RE: Matrix Search and Calculation Pandas - luxlambo227 - Jan-22-2020

Thank you. Creating the columns is the easy part. I can do that also. The calcualtion is the difficult part.
The main Problem is that tha columns heading can not be identified i get an key error.

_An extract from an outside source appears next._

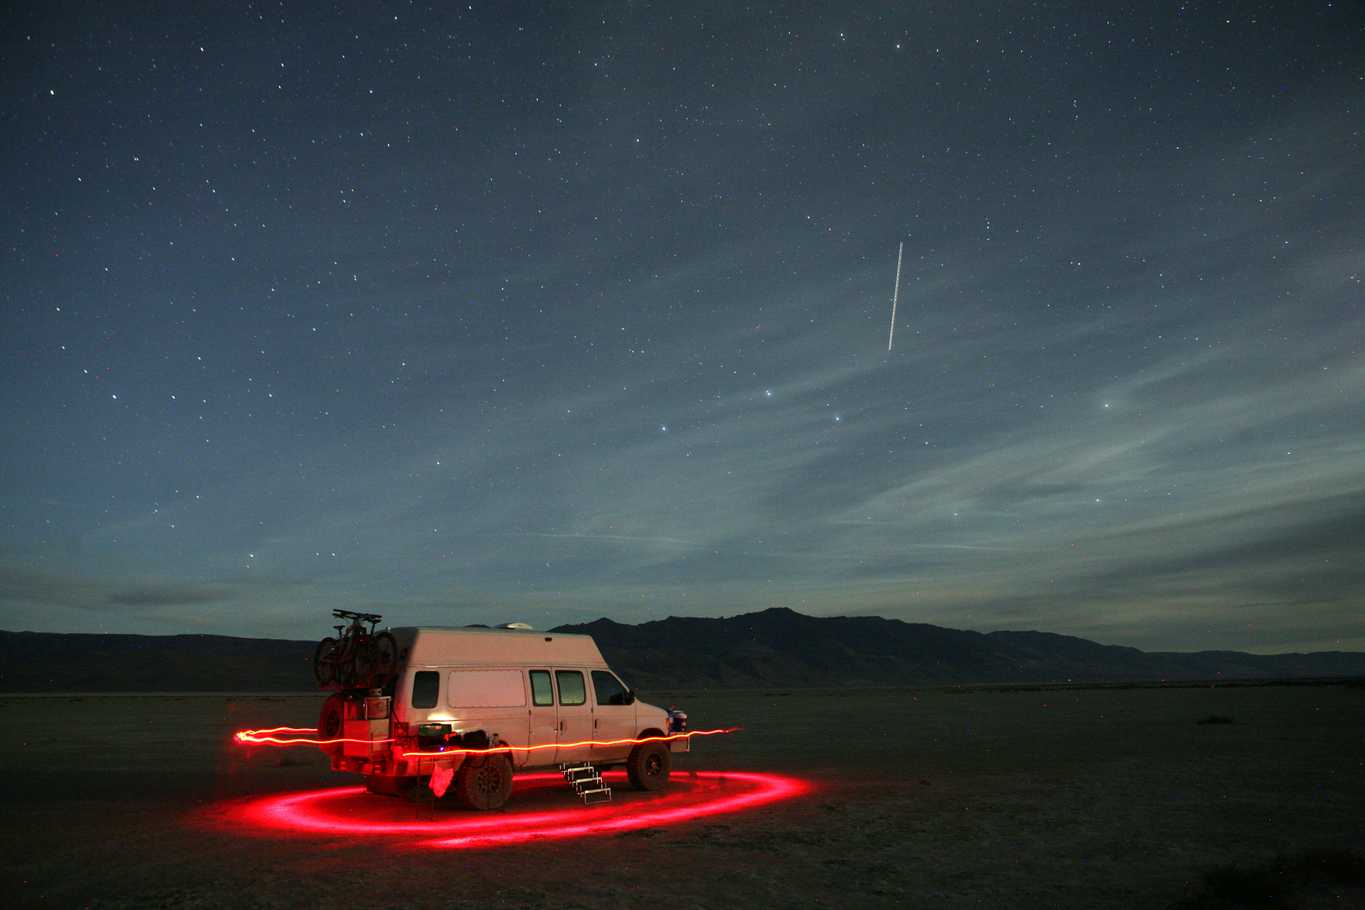 The night sky at the Alvord Desert with our van encircled by a red headlamp in a long exposure

RE: Matrix Search and Calculation Pandas - jefsummers - Jan-22-2020

There are probably (definitely) better ways to do this, but this works to do the G product anyway. I leave the H to you - should be able to copy the G code in the for loop to do similar for the H data.
import pandas as pd
df1 =pd.DataFrame({'Country':['Armenia','Azerbaidjan','Belarus','Armenia','Azerbaidjan','Belarus'],\
             'Indictaor':['G','G','G','H', 'H', 'H'],'2005':[3,4,5,6,7,4],'2006':[6,3,1,3,5,6]})
df2 = pd.DataFrame({'Year':[2005,2006,2005,2006],
                    'Country1':['Armenia','Armenia','Azerbaidjan','Azerbaidjan'],
                    'Country2': ['Belarus','Belarus','Belarus','Belarus']})
df3 = pd.DataFrame({'Year':[2005,2006,2005,2006],                   
                    'Country2': ['Belarus','Belarus','Belarus','Belarus'],
                    'Country1':['Armenia','Armenia','Azerbaidjan','Azerbaidjan'],
                     'IndictaorGProduct':[15,6,35,5],
                      'IndictaorHProduct':[24,18,28,30]})
cols = ['Year','Country2','Country1','GProduct','HProduct']
df4 = pd.DataFrame(columns=cols)
df4['Year'] = df2['Year']
df4['Country1'] = df2['Country1']
df4['Country2'] = df2['Country2']
gprod = []
for row in df4.iterrows() :
    c1 = row[1][2]
    c2 = row[1][1]
    yr = str(row[1][0])
    g1 = df1.loc[(df1['Country']==c1)&(df1['Indictaor']=='G')]
    g1val = g1[yr].values[0]
    g2 = df1.loc[(df1['Country']==c2)&(df1['Indictaor']=='G')]
    g2val = g2[yr].values[0]
    print(g1val, g2val, g1val*g2val)
    gprod.append(g1val*g2val)
df4['GProduct'] = gprod
print(df4)
Output:
3 5 15 6 1 6 4 5 20 3 1 3 Year Country2 Country1 GProduct HProduct 0 2005 Belarus Armenia 15 NaN 1 2006 Belarus Armenia 6 NaN 2 2005 Belarus Azerbaidjan 20 NaN 3 2006 Belarus Azerbaidjan 3 NaN



RE: Matrix Search and Calculation Pandas - luxlambo227 - Jan-27-2020

This is excellent stuff. Thank you very much for this help. I had another solution but was still struggling with the date /time finding in the heading. I am no trying that all Indicators (I have many) a new column is added automatically. Any idea on how to make that that dynamic?


RE: Matrix Search and Calculation Pandas - jefsummers - Jan-27-2020

In lines 22 and 24 above the indicator is compared to 'G'. Make that a variable, and you should be able to repeat that process for any indicator.